31. imaging device according to claim 28; Further comprise recording control apparatus; The formation that is used for judged result in said formation judgment means and is said view data is to detect the timing that obtains view data under the suitable situation, and is used to control said tape deck so that obtain view data in the timing that is being detected.

32. imaging device according to claim 28; Further comprise notifying device; The formation that is used for judged result in said formation judgment means and is said view data is to detect the timing that obtains view data under the suitable situation, and is used to notify the timing that is detected.

33. imaging device according to claim 28, wherein said tape deck write down the extraction result of said person extraction device and said non-personage's extraction element with view data in said recording medium.

34. imaging device according to claim 28, wherein said person extraction device is identified in the facial expression of detected one or more faces in the said search, and the further information of the facial expression that identifies of output expression.

35. imaging device according to claim 28, wherein said person extraction device is identified in the posture of the one or more character graphic that comprise in the view data, and the information of the posture that identifies of output expression, as extracting the result.

36. imaging device according to claim 28, wherein said non-personage's extraction element extracts said main object through using high pass filter that view data is carried out Filtering Processing.

37. imaging device according to claim 28, wherein said non-personage's extraction element extracts the predetermined target of registering in advance as said main object through recognition objective in the target that in view data, comprises.

38. imaging device according to claim 28 further comprises speech analysis means, is used for carrying out the detection to the predetermined characteristic relevant with voice through the voice of analyzing input, wherein

39. according to the described imaging device of claim 38, wherein said tape deck writes down the extraction result of said person extraction device and said non-personage's extraction element and the testing result of said speech analysis means with view data in said recording medium.
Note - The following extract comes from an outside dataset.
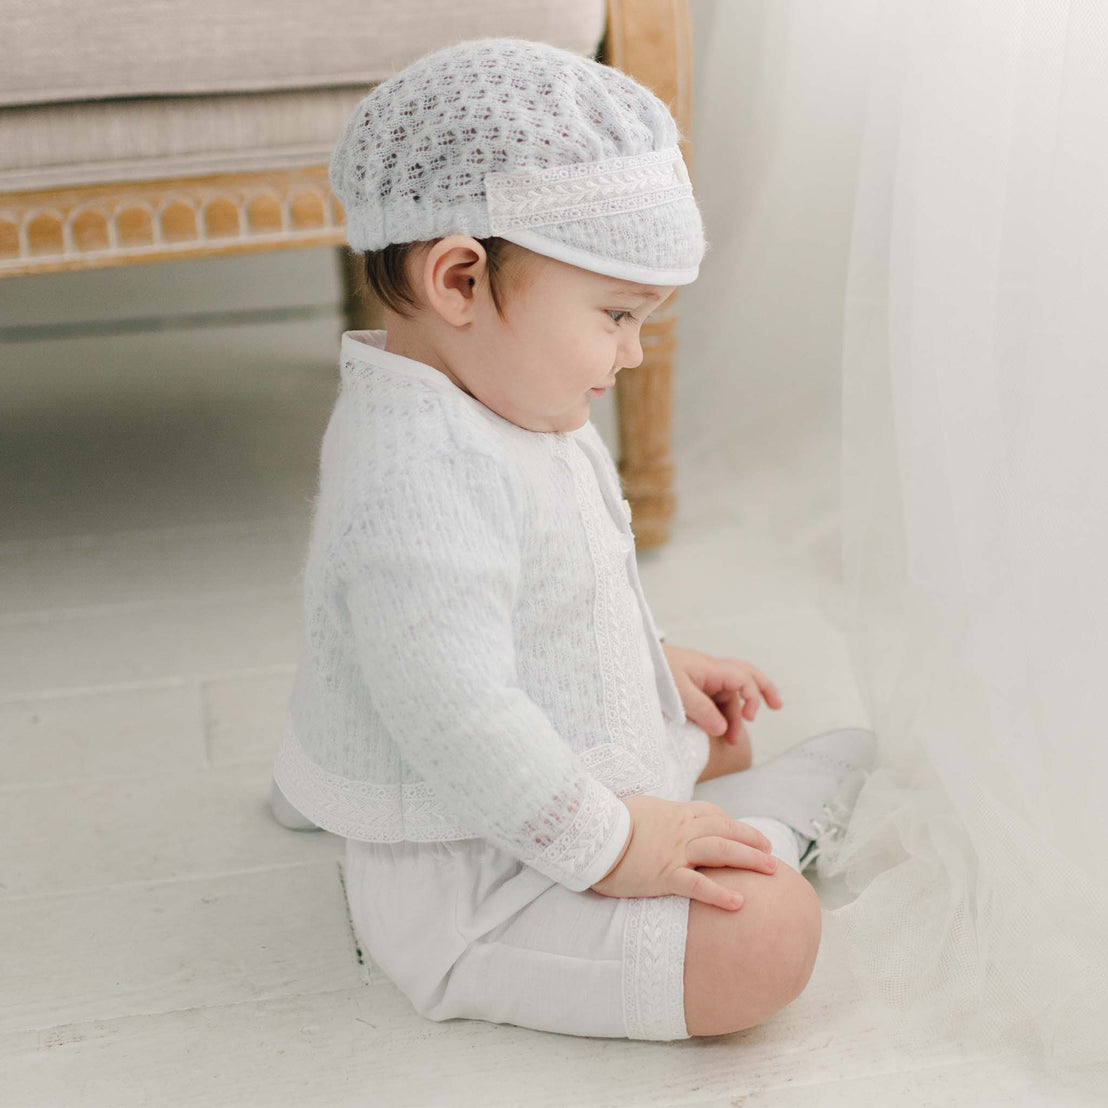 A toddler sitting on the floor, wearing the light blue knit Oliver Sweater Shorts Suit and cap, gently touching a sheer curtain with a soft, focused expression.

40. according to the described imaging device of claim 38, wherein said speech analysis means detects predetermined volume change as predetermined characteristic.

41. according to the described imaging device of claim 38, wherein said speech analysis means detects predetermined phrase as predetermined characteristic.

42. according to the described imaging device of claim 38, the characteristic that wherein said speech analysis means detection has been registered as predetermined people's phonetic feature in advance is as predetermined characteristic.

43. control method to imaging device; This imaging device have be used for through photographed scene generate the expression scene view data imaging device and be used at booking situation medium record by the record image data device that imaging device generated, said method comprises the steps:

Through the analytical table image-region beyond the image-region of thing figure of leting others have a look at; And from the view data that image device generated, extract the main object beyond the said character graphic, and the information of scope, area and the center-of-mass coordinate of the object of output except said character graphic is as extracting the result;

Confirm the suitable character graphic of being extracted and the layout of said main object.

44., further comprise step: control the operation of said imaging device, so that generate the view data of arranging said character graphic and said main object with determined layout according to the described control method of claim 43 to imaging device.

45., further comprise step: to the view data carries out image processing, so that make that the layout of said character graphic and said main object is consistent with determined layout according to the described control method of claim 43 to imaging device.